>>> Edited For Content
By staff writer Mike Forest
September 8, 2004

Sorry guys, my column is going to be late this week, but it's not my fault this time. I swear. No. Really. My Internet connection at home is down…again. I'd tell you the whole story, but no one really wants to read it and I don't want to tell it again. Okay, maybe I'll tell you a little bit. I'll keep it short.

Basically, the guy came to hook up my apartment the first time and screwed up the install. He turned my service on and then he accidentally hit the wrong button and turned it off. Realizing that he's a dumbass, he tried to turn it back on again. The system locked him out, and I was shit out of luck until they could come and manually turn it on again.

Forty minutes on my cell phone with them amounted to them telling me I would have to be home Thursday so that they could send another guy out. I told them I wanted all of my install fee back because they screwed up. They agreed, which surprised me.

I still had to miss work to be there when the guy came back. I sat at home waiting for him for five hours and he never came. I called [Huge evil cable company] up and asked what the hell was going on. They told me he had already come, fixed the problem and left. I still wasn't online. I wanted to kill someone. There was no one around.

“Why the hell did I need to stay home then? They didn't come into the apartment and I didn't sign anything. You're still costing me money!”

They didn't have an answer. Apparently he came and fixed it, but “left the job open.” Whatever that means. I had to wait another 48 hours for things to “clear up.” I told them I wasn't going to pay for it until it was fixed. They gave me the address of the company CEO if I wanted to complain. I hung up on them. I'd already wasted enough cell phone minutes on them. Notice I said “cell phone minutes,” which means they're COSTING ME EVEN MORE MONEY!

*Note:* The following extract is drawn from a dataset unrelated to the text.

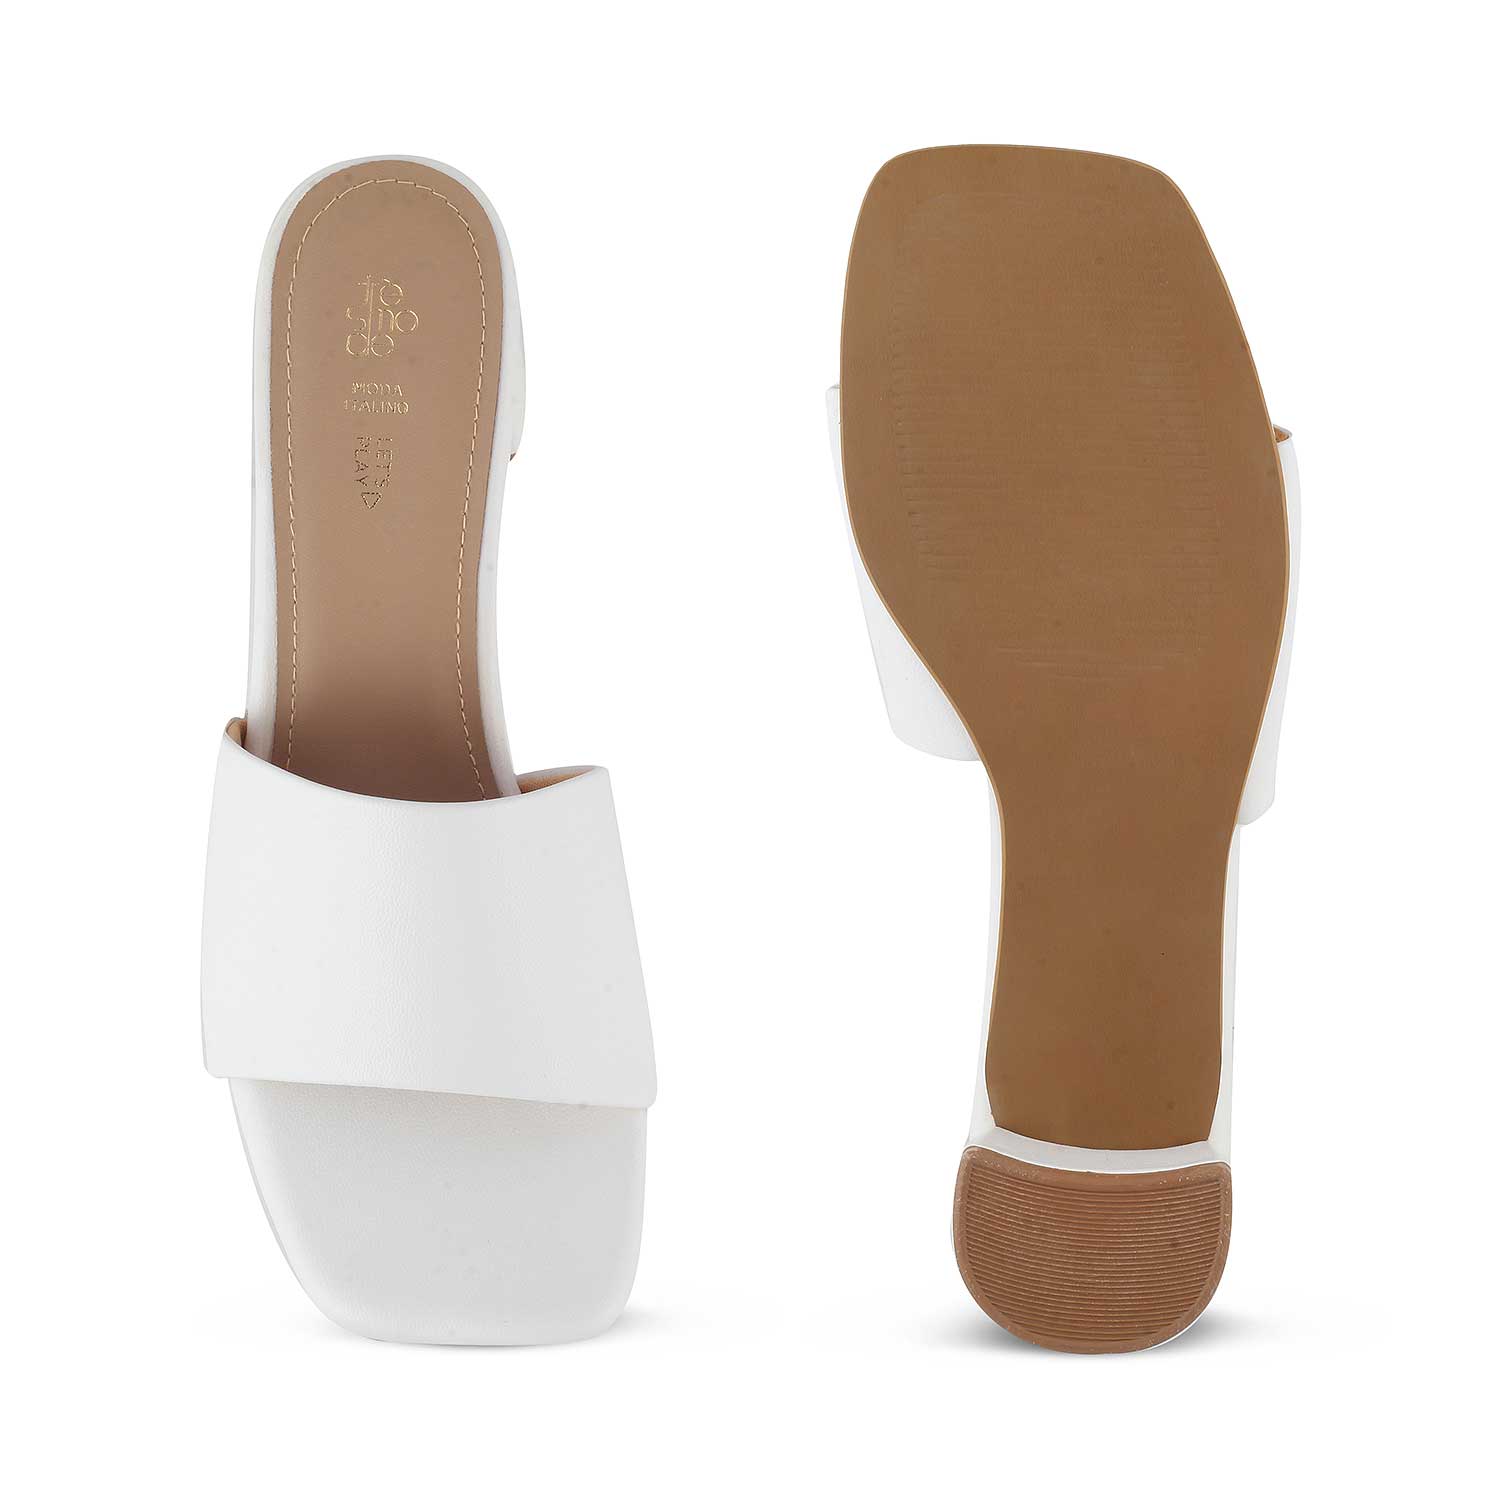 The Bariz White Women's Casual Block Heel Sandals Tresmode

I hate [Huge evil cable company] so much.

My Internet has been down as much as it has been up. I've started hijacking other people's wireless networks, but they're less reliable than John Kerry's voting record. Bah zing.

But on to today's topic: I went to a gas station Taco Bell the other day. Not a knock off, a “real” gas station with a “real” Taco Bell. They also have a “real” Dunkin Donuts and a “real” TCBY. The place is bigger than Meijer—real or pretend. (To make this accessible to those of you who don't live in the righteous Great Lakes Region, Meijer has everything you could ever want to buy under one roof, Dunkin Donuts is a poor man's Krispy Kreme, TCBY sells frozen yogurt, and if you don't know what Taco Bell is, I don't consider you a human being.) This place is a mini-mall rolled into one giant gas station. Did I mention that they have a car wash too? Oh yeah and gas.

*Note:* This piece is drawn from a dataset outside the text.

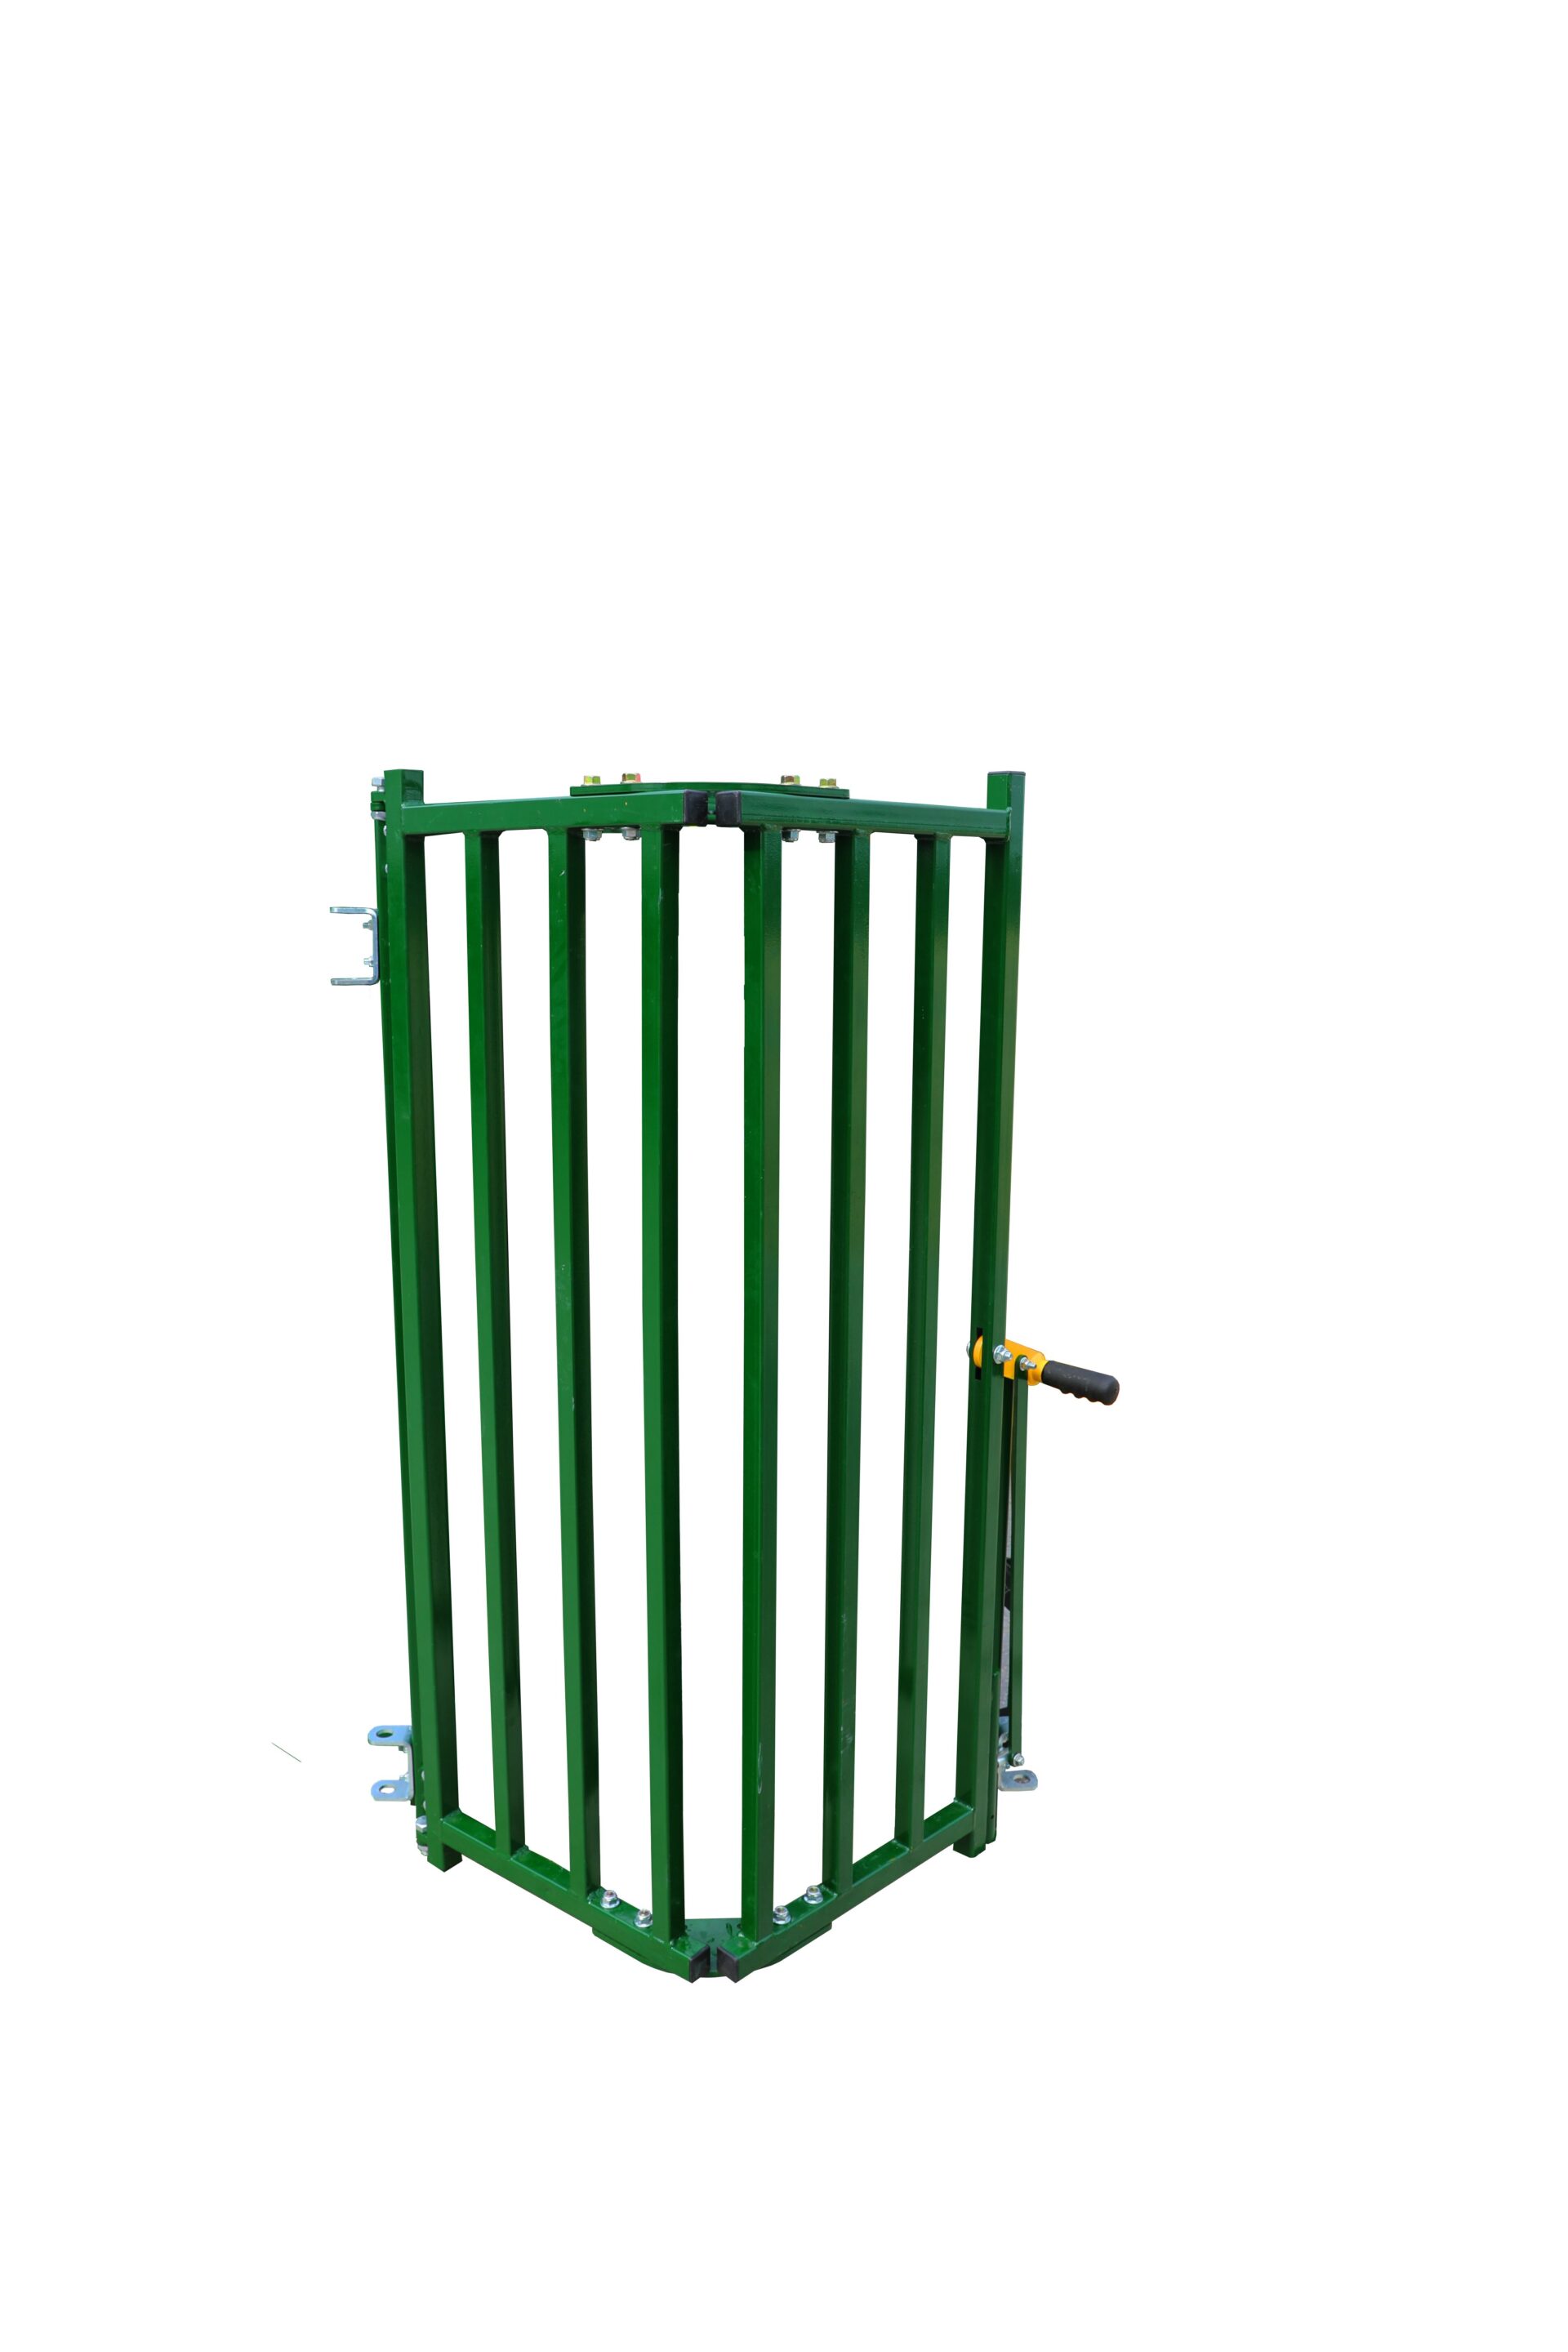 Balk Gate Option

Anyway, I had been skeptical about trying it because it couldn't be as good as a “real” Taco Bell. But Eric, the guy who pukes on curbs, was hanging out at my place for the weekend, so we decided to check it out. It turns out that once again I was right; the Taco Bell was as substandard as Alabama standardized test scores. And they were out of nacho chips. How can Taco Bell be out of nacho chips? It's like [Huge evil cable company] being out of Internet. It makes as much sense as the quality of their service. Three hours on the phone with them in the last couple weeks. Three fucking hours! Sorry, I'm on a tangent. Where was I? Taco Bell out of chips. Right. Ridiculous.

Then they ask us if we want any sauce. Eric wanted fire. I wanted mild because, well…I'm a giant pussy I guess. They're out of mild. Why didn't you just tell me that to begin with? “What sauce do you want? All we have is hot and fire.” Was that so hard? I didn't think so. I don't think I'll be going back there. I'll drive another three minutes and go to one of the other five Taco Bells around here.

Since we're talking about Taco Bell, can someone please recognize the need for a creative consultant? They're commercials are absolutely terrible. Ever since the stupid dog, I've hated their commercials. “Yo quiero Taco Bell” isn't even proper Spanish. Quiero matanzar el Taco Bell perro punta. Yeah, definitely not marketable.

If commercials are designed to make you want to buy something, then bad commercials should make you want to NOT want to buy the product. Alas, my love for The Bell keeps me going back day after day after day after…

You know, now that I think about it, [Huge evil cable company] has awful commercials too. They have the worst anti-drug commercials (which aren't helping—duh), and those “spend time with your kids” commercials involve turning off the TV. You KNOW that [Huge evil cable company] doesn't want you to do that. Fuckers. I don't think that I should have to watch [Huge evil cable company] commercials when I'm already paying for their service. Who are they trying to sell? I'm already giving them money!

Yeah, Comcast can lick my balls. Oops.